Yer ve semanın birbirinden iki kıta gibi ayrıldığı, insanın Tanrılığa soyunarak kutsalın bütün işaretlerini yeryüzünden silmeye çalıştığı bir zamanda, bir direniş adası olarak iman. Virgil’in sözünü tekrar ederek, ‘Tanrılara boyun eğdiremezsem ben de cehennemi hararetlendiririm’ diyen müfsitlere inat, insanın yükseliş imkanlarına inanç.
Doğayı ve insanı tahrip ederek yeryüzünde hükümranlık kurmak isteyenlere de şifa verebilecek bir çift sözümüz olmalı. İnsan hastalanırsa tabiat hastalanır, tabiat hastalanırsa da insan. Küçük âlem ile büyük âlem ilahi bir bağla birbirine bağlıdır. Yaratılmışlar arasında yalnızca insan dünyayı tahrip edebilme gücüne sahiptir. İnsanın ödevi barış ve dengeyi tesis etmektir yeryüzünde. ‘Daha özel olarak İslam’ın rolü, insanın nihai iyiliğini isteyen bir görüşle, yer ve gök arasındaki dengeyi kurmaktan ibarettir… Allah’la uyum içinde yaşamadıkça âlemle uyum içinde yaşayamayız’ der William Chittick.
Üzerimize yağan bombalar, belki de Allah’ın sözlerini hâlâ duyabilen ve insanlığa hâlâ bir şeyler fısıldayabilecek son insanları da susturmak içindir.
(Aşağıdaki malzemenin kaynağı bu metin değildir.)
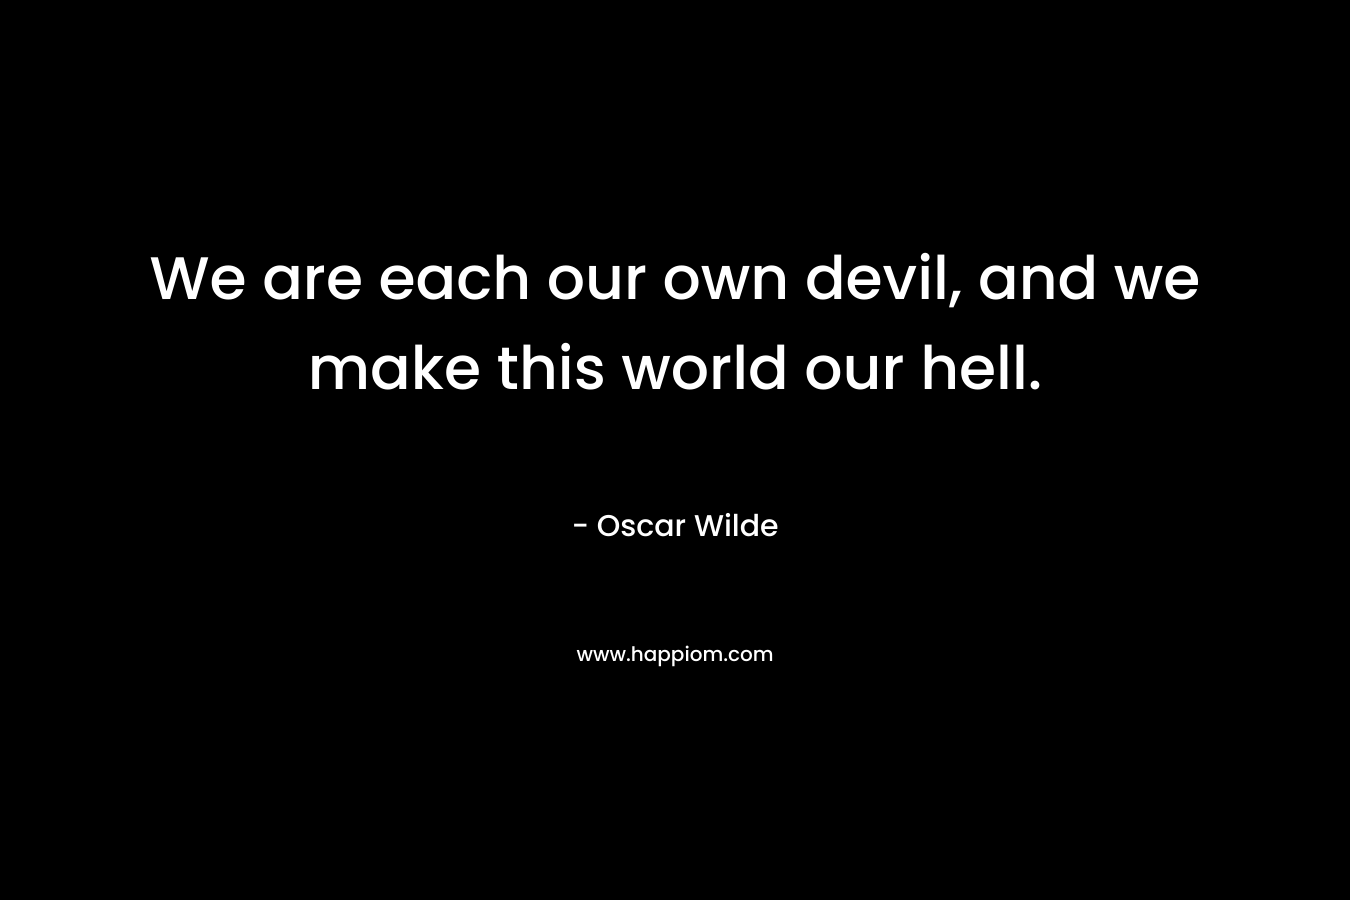 We are each our own devil, and we make this world our hell.

Masumlara kendi kalplerinden öte bir sığınak yoktur. Hâlâ Tanrı’yı hatırlayabilenler, neoliberal iktisadın ‘loser’larıdır. Masumların bütün kuvveti güçle ayartılamamaları, parayla baştan çıkarılamamaları, reklam ve propagandayla kandırılamamalarıdır. Onlar, dünyanın onca gürültüsü içinde, Allah’ı işitmeye devam ederler.